DATA EXCERPTS Block Start
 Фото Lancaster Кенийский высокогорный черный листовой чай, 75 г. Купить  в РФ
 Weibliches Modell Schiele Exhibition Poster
DATA EXCERPTS Block End
DATA EXCERPTS Block Start
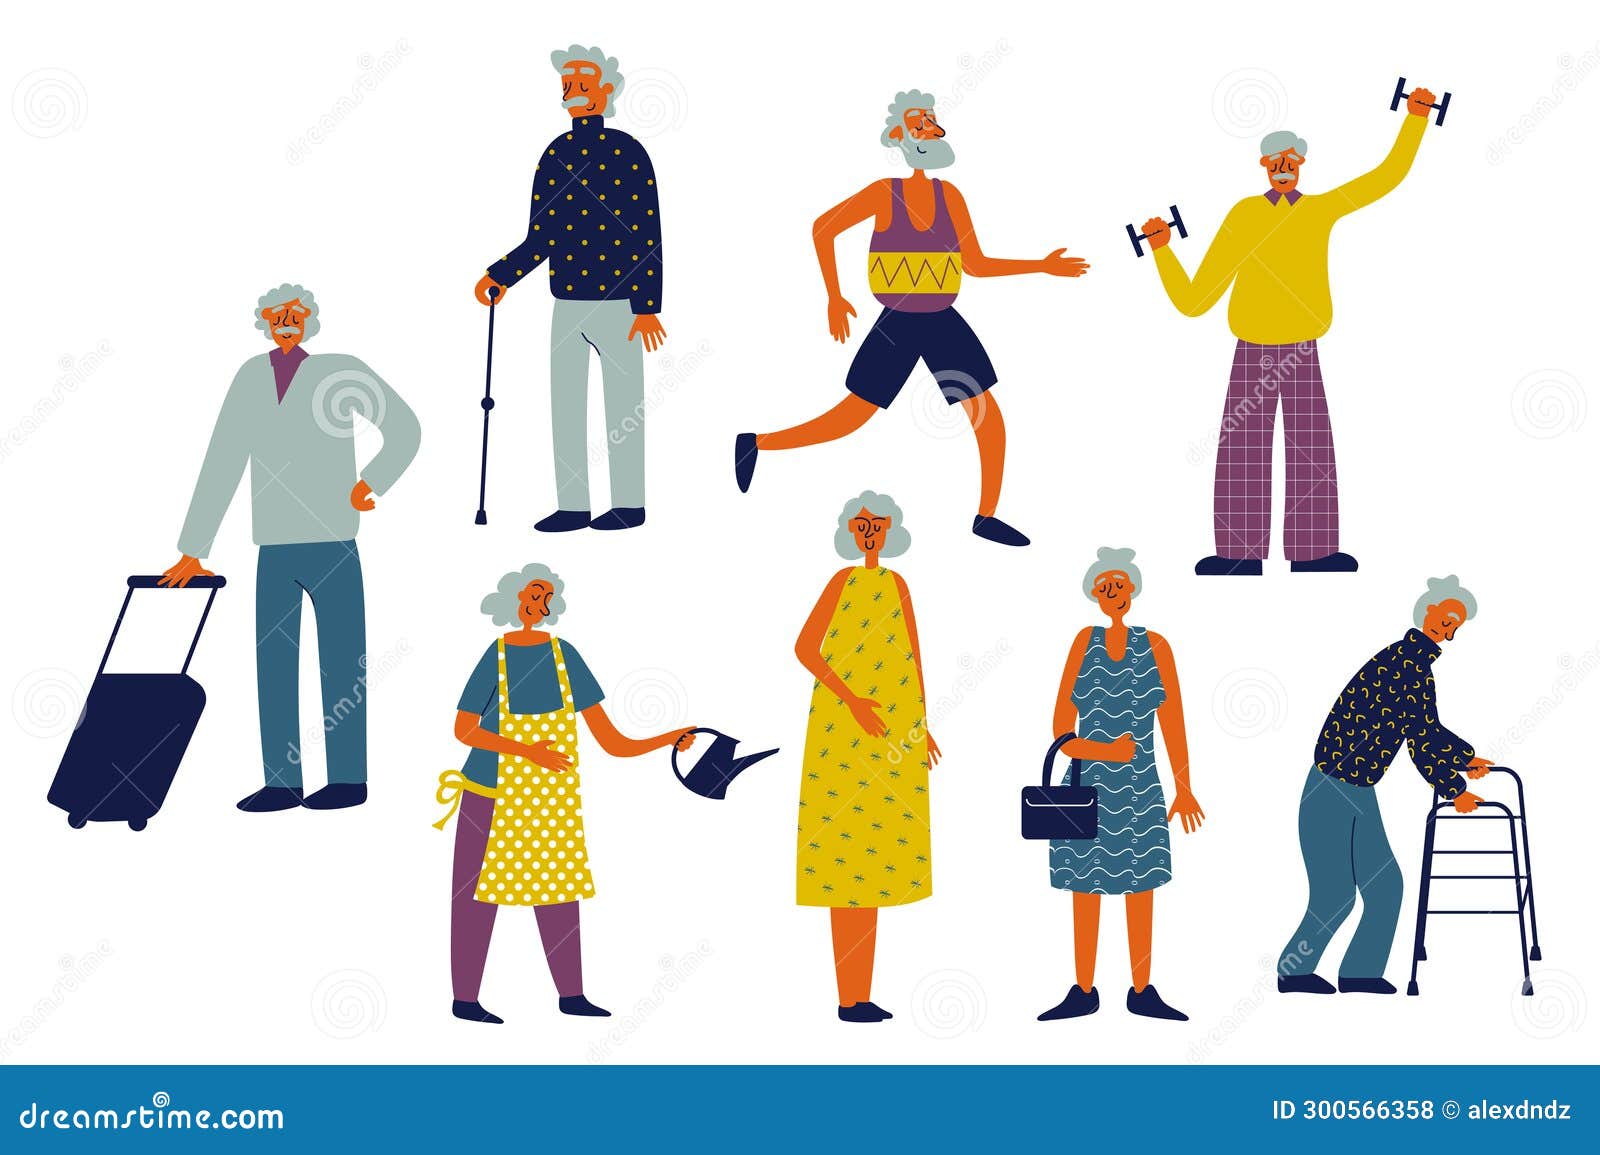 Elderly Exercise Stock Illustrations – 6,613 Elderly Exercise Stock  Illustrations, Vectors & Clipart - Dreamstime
DATA EXCERPTS Block End
• TASK GOAL
All lines in the listing above from the line containing "Фото Lancaster Кенийский" to the line containing "Weibliches Modell Schiele Exhibition Poster", inclusive, should be retyped exactly; no other lines should appear.

• ANSWER AREA
 Фото Lancaster Кенийский высокогорный черный листовой чай, 75 г. Купить  в РФ
 Weibliches Modell Schiele Exhibition Poster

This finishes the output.